■ Work required: Reproduce the data below in full and exclude every picture.

■ Data provided:
- Opening Delimiter -
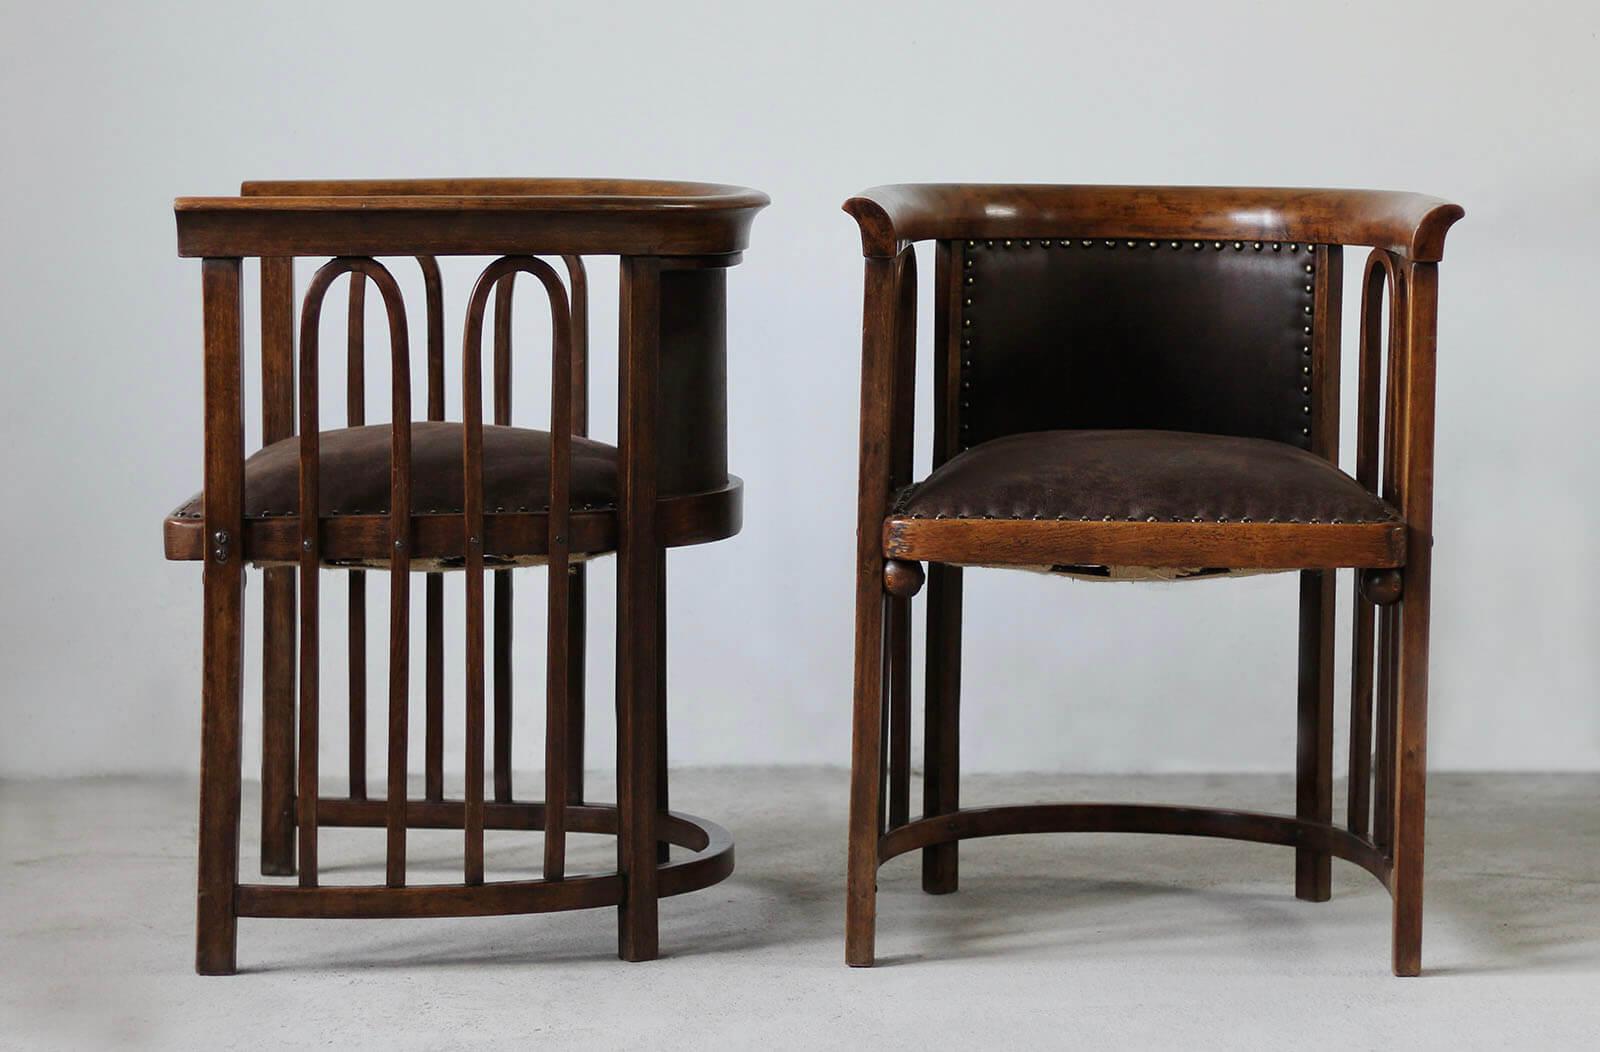 Czech Set of 2 Armchairs designed by J. Hoffman, Model No. 423, Early 20th Century For Sale
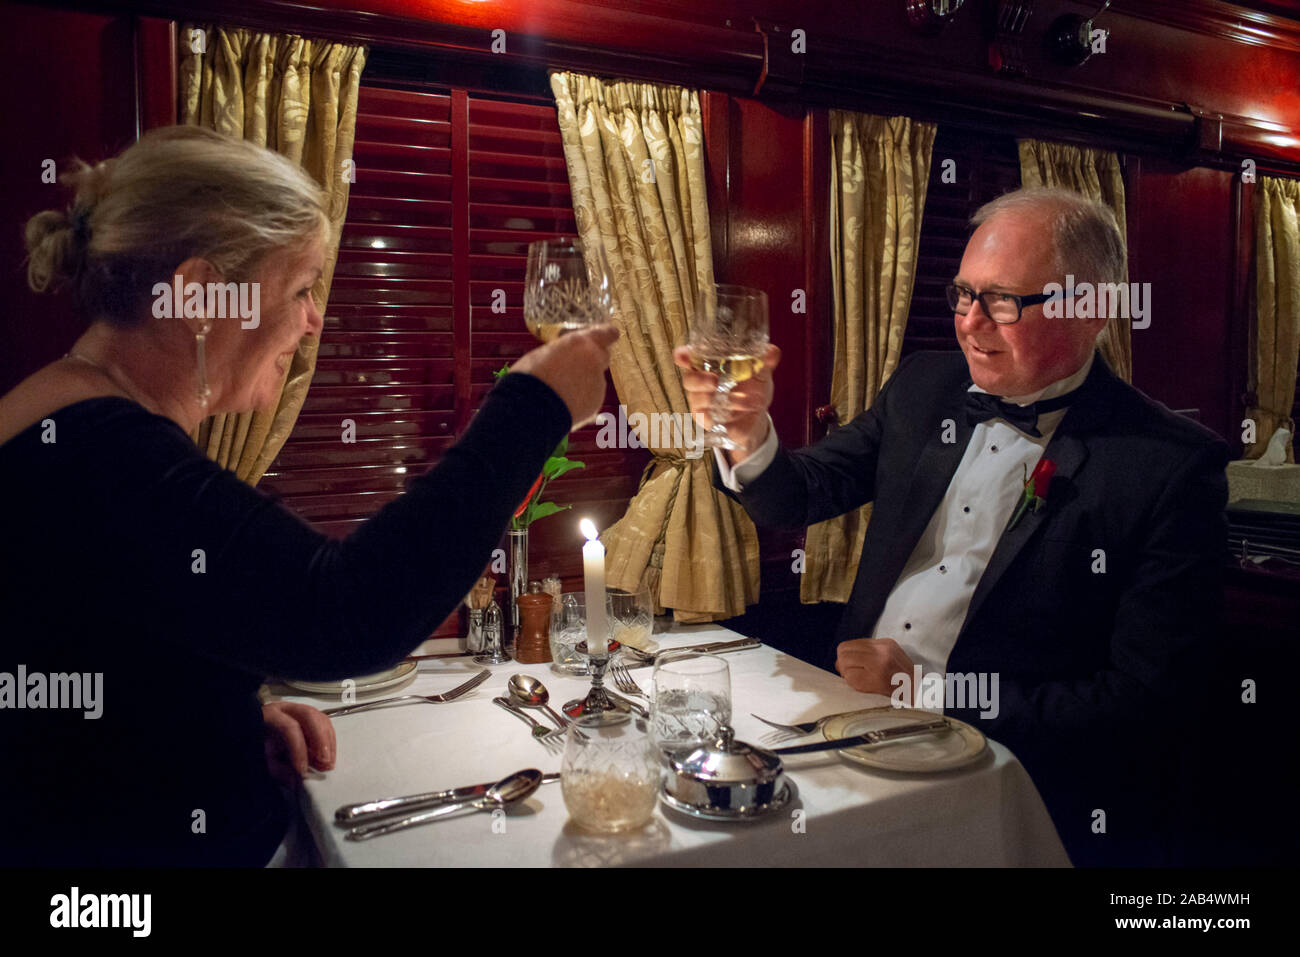 Passengers having dinner in the restaurant car of the The Rovos Rail luxury train travelling between Cape Town and Pretoria in South Africa  Pride of Stock Photo
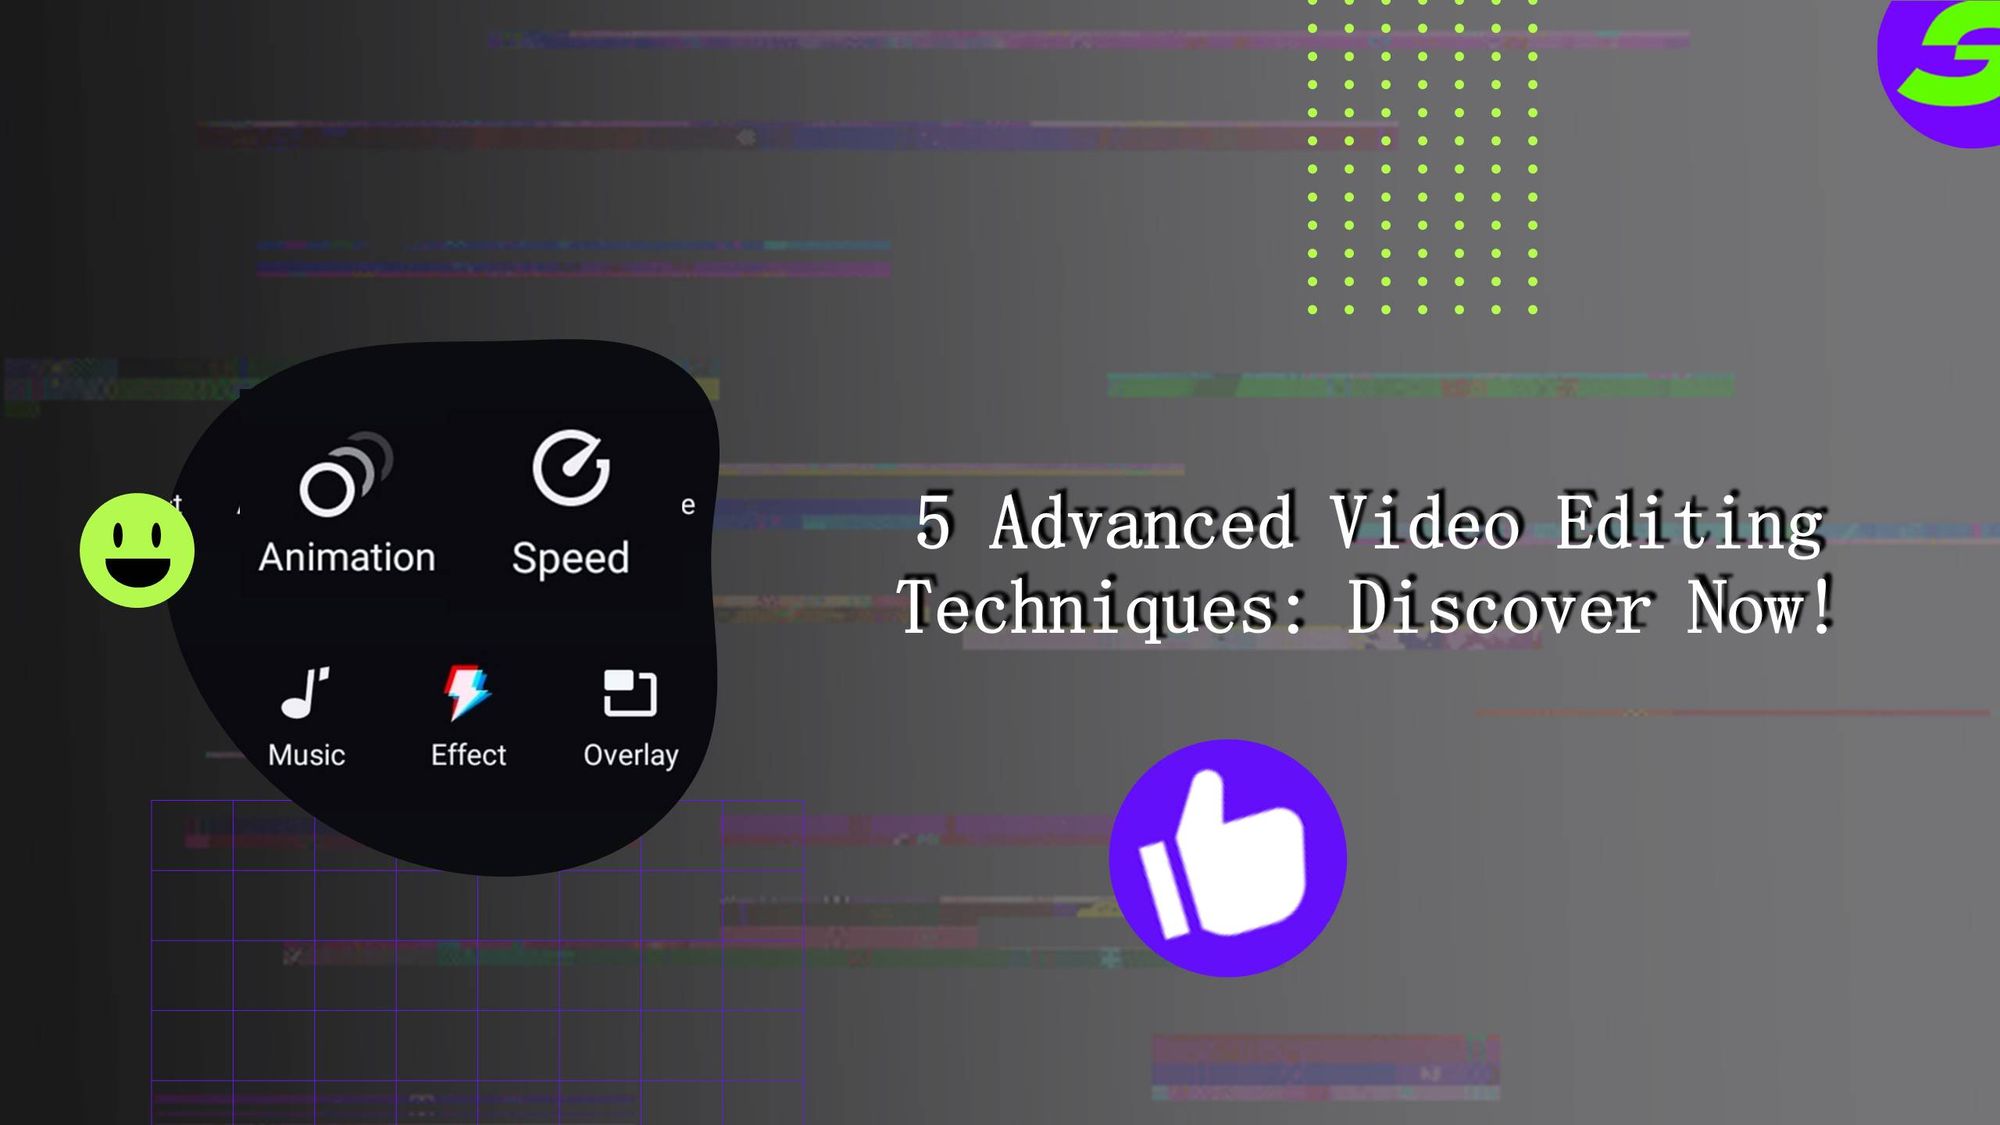 Advanced Video Editing Techniques for Android video editor
- Closing Delimiter -
■ Result of this task:
 Czech Set of 2 Armchairs designed by J. Hoffman, Model No. 423, Early 20th Century For Sale
 Passengers having dinner in the restaurant car of the The Rovos Rail luxury train travelling between Cape Town and Pretoria in South Africa  Pride of Stock Photo
 Advanced Video Editing Techniques for Android video editor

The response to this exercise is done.